Nature of Testimony Proffered Questionable
Courts also will analyze the actual testimony being offered when determining the admissibility of the plaintiff’s expert’s testimony, to see whether the opinion has veered improperly into bald legal conclusions and disparaging comments against the corporate defendant. Courts have rejected and should reject this type of testimony that provides no assistance to the trier of fact.

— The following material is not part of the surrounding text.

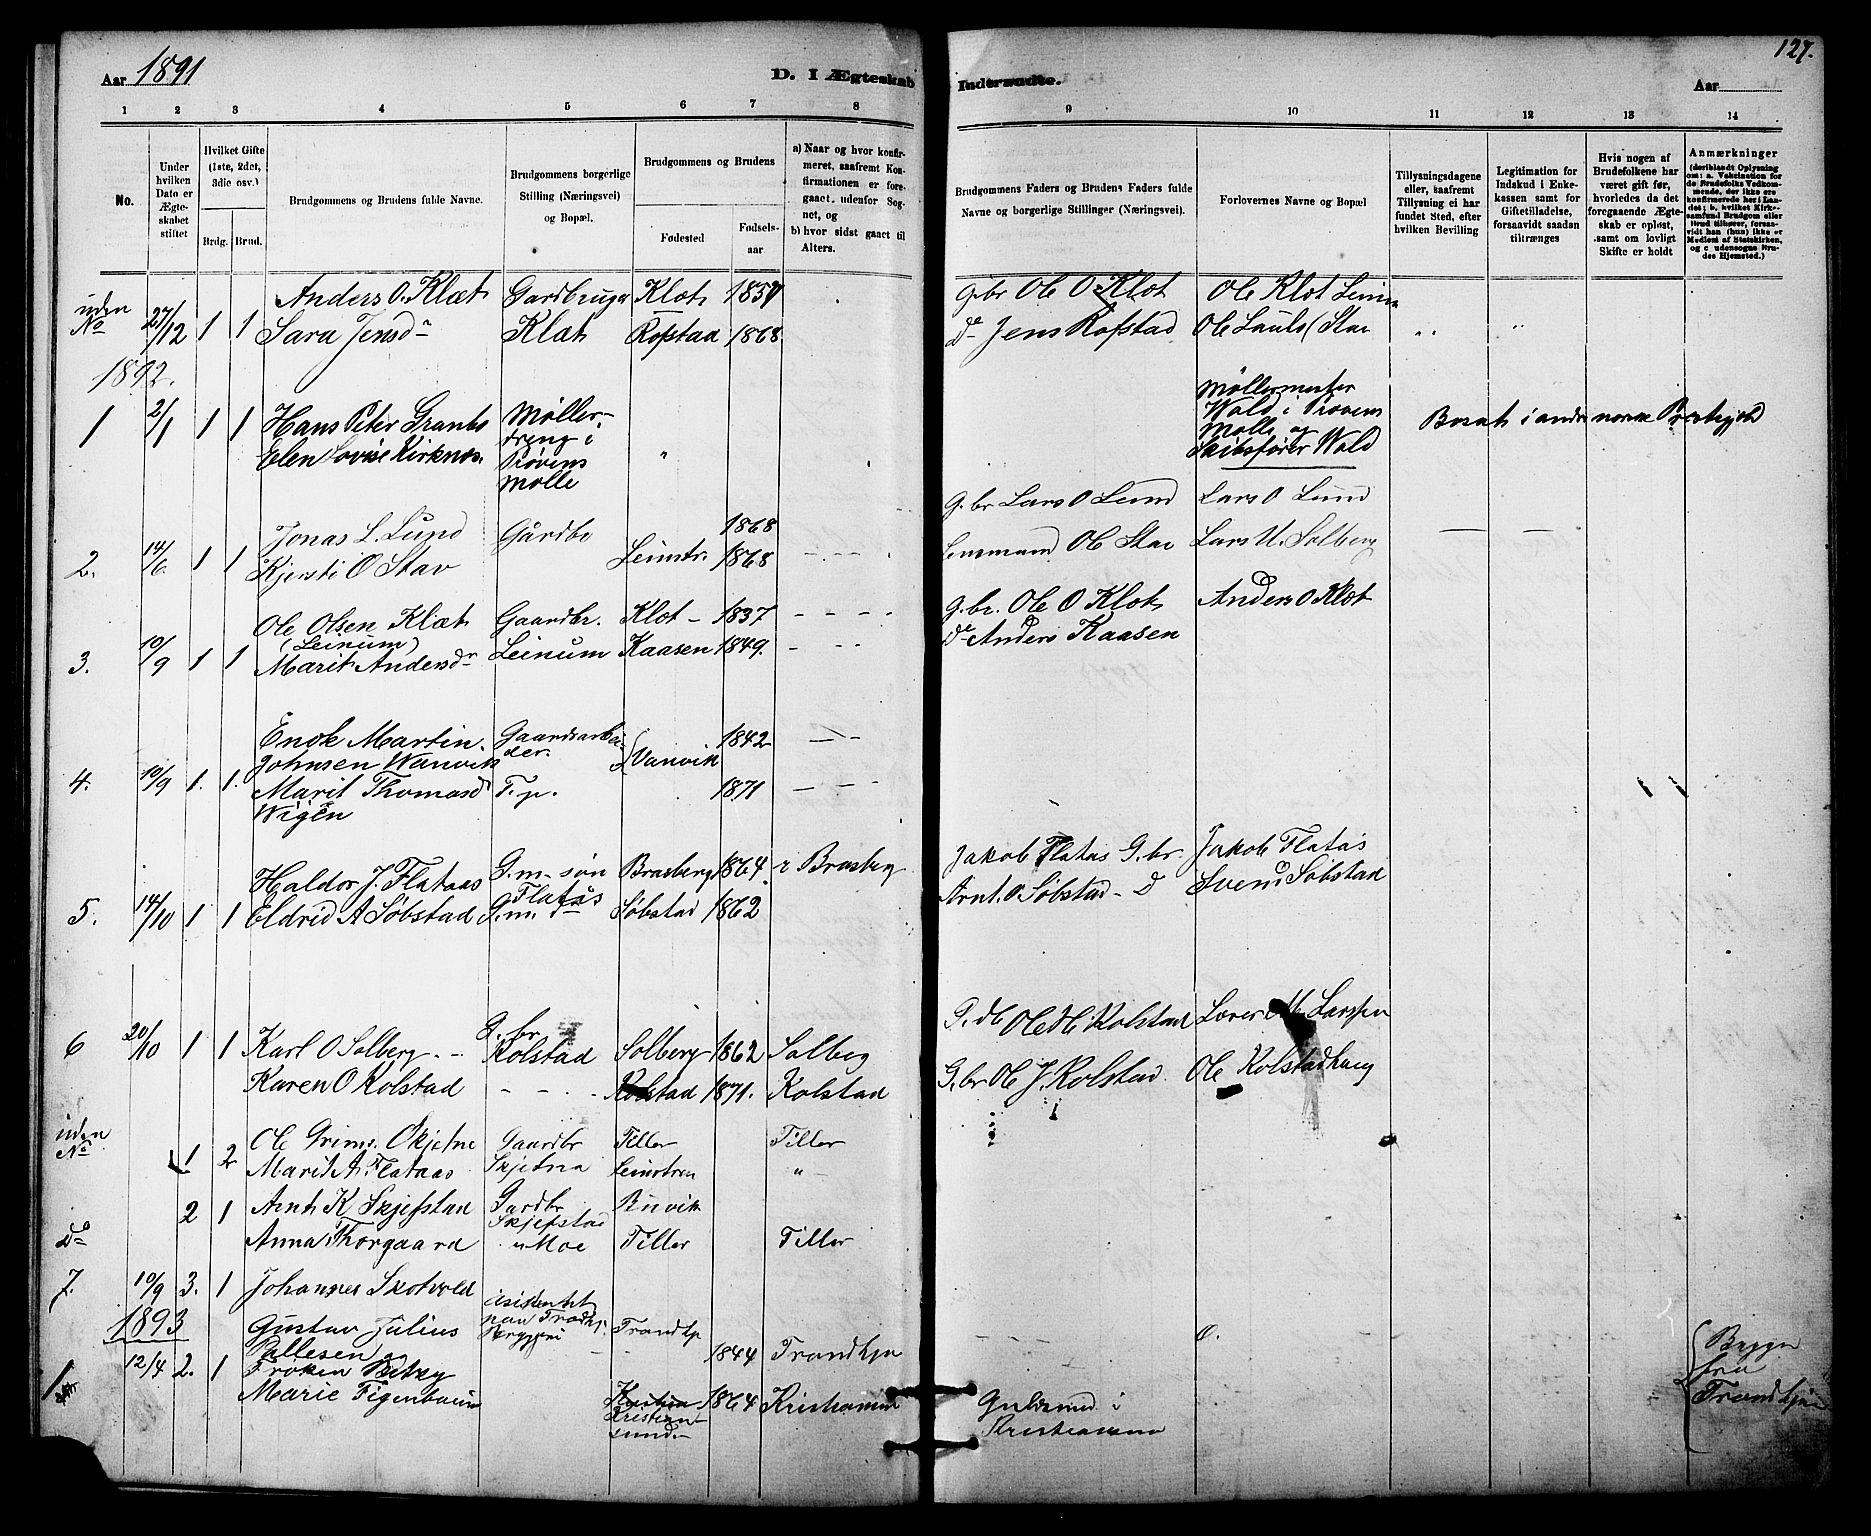 SAT, Ministerialprotokoller, klokkerbøker og fødselsregistre - Sør-Trøndelag, 613/L0395: Klokkerbok nr. 613C03, 1887-1909, s. 127
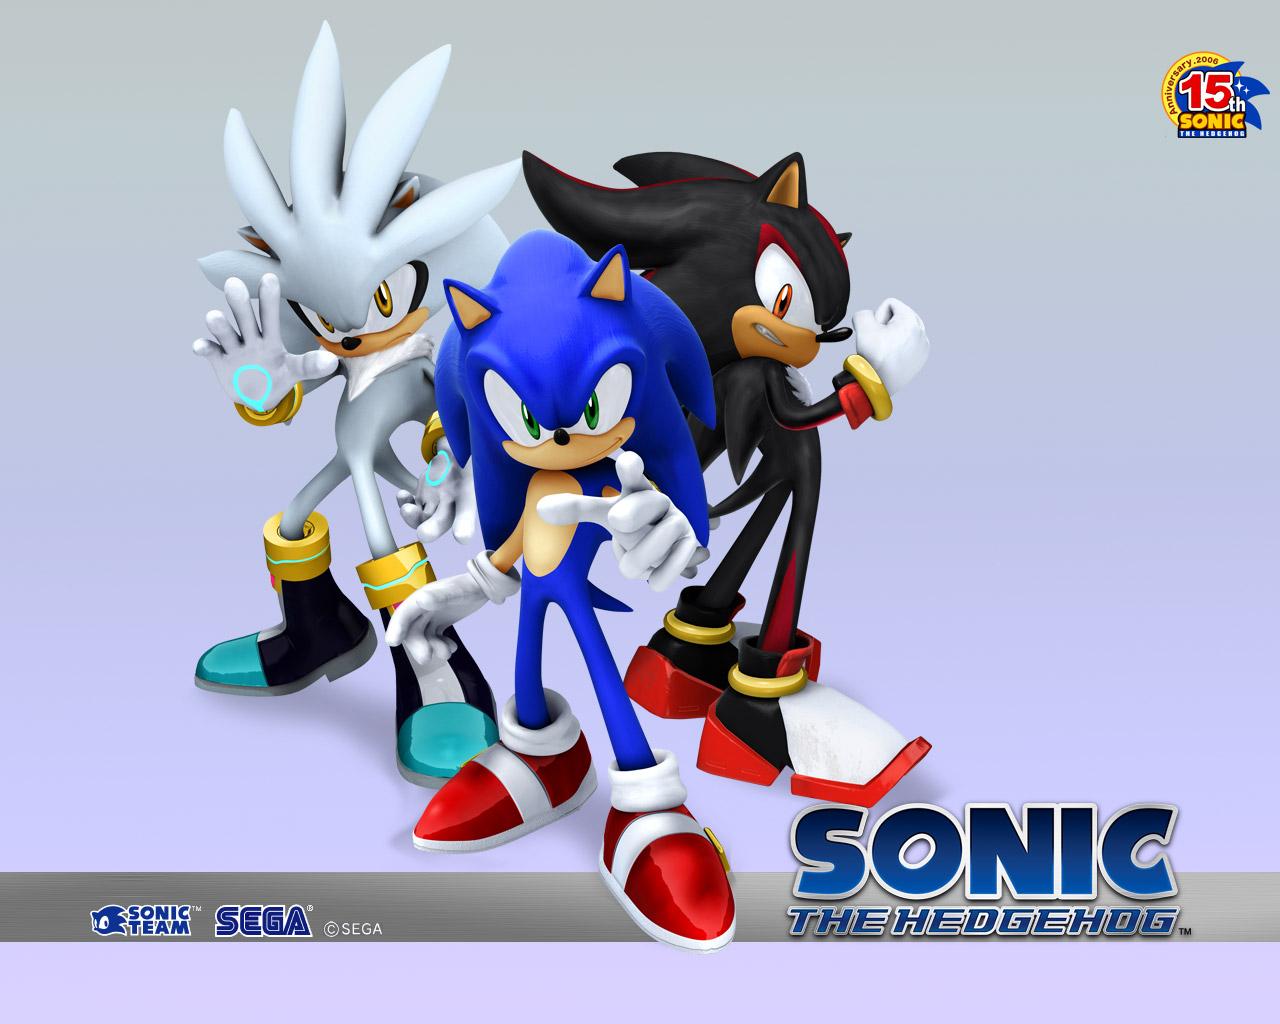 http://2.bp.blogspot.com/-am7RpngvMCE/T6G5NoBfKOI/AAAAAAAABz0/kWBvBA5xp6g/s1600/Sonic+HD+Wallpaper++By+Maceme+Wallpaper.jpg

Again, Hayes serves as a prime example of this type of situation. Plaintiff’s expert, Statler, attempted to testify that the accident at issue was caused by a “systemic disregard for safety, at all levels, on the part of [defendant]” and that defendant’s failure to install a rollover protection system “flew in the face of any viable product safety program,” “violated…responsible manufacturing practice… and amounted to reckless disregard for safety of its customers and gross negligence.” Hayes, 2007 WL 2668589, *1–2. The court correctly pointed out that in addition to the expert’s other problems, this type of testimony was not admissible because it “deviates from opinions—which are certainly allowed from expert witnesses—to legal conclusion—which are reserved for the jury.” Id. at *3; see also Barnes, At Law No. 98-439 (order excluding the testimony of former FDA medical officer, Dr. Suzanne Parisian, holding that “her testimony was inadmissible legal opinion…”).

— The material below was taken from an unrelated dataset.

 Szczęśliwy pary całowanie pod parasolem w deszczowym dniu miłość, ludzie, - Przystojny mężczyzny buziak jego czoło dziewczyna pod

In addition to stating legal conclusions, Statler’s report went on to declare that “[h]ad the company eschewed subterfuge, and instead confronted legitimate risk concerns and engaged in what it knew to be responsible corporate conduct,” the accident could have been avoided. Hayes, 2007 WL 2668589, *3. This the court excluded as “unduly inflammatory,” noting that his proposed report “reads less like an expert’s unbiased assessment and more like counsel’s closing argument.” Id. In some respects, this part of Hayes may be most notable, in that the court put the brakes on plaintiff’s expert because of the outrageous nature of the opinion offered, when all too often, courts turn a blind eye to invective when clothed in the guise of expert testimony.

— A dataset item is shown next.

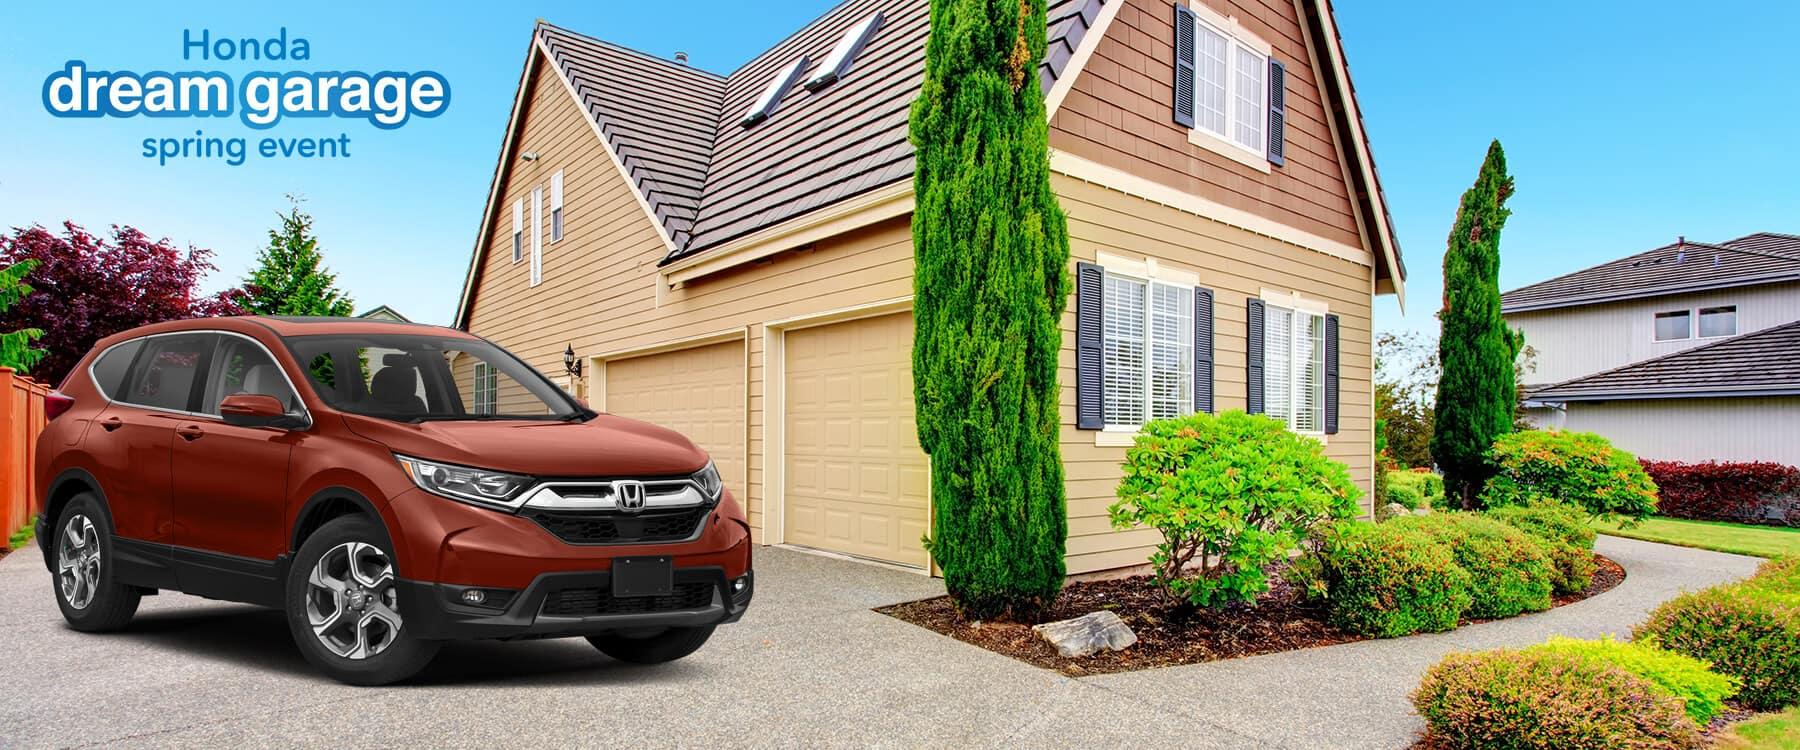 Honda Dream Garage Spring Event 2019 CR-V Slider

One must go beyond the traditional Daubert factors when challenging the admissibility of a former regulatory agent attempting to offer legal conclusions under the guise of expert opinion, and in the process, making inflammatory characterizations against the corporate defendant. One factor to consider is whether the expert is the proverbial “expert for hire” whose testimony was prepared solely for litigation. If so, they must offer objective proof to support the reliability of their testimony; simply having impressive credentials, such as serving on the CPSC or the FDA, may not be sufficient. Another factor that must be considered is the type of testimony being offered. Legal conclusions and inflammatory characterizations are not admissible for any expert, regardless of their background, and must be excluded.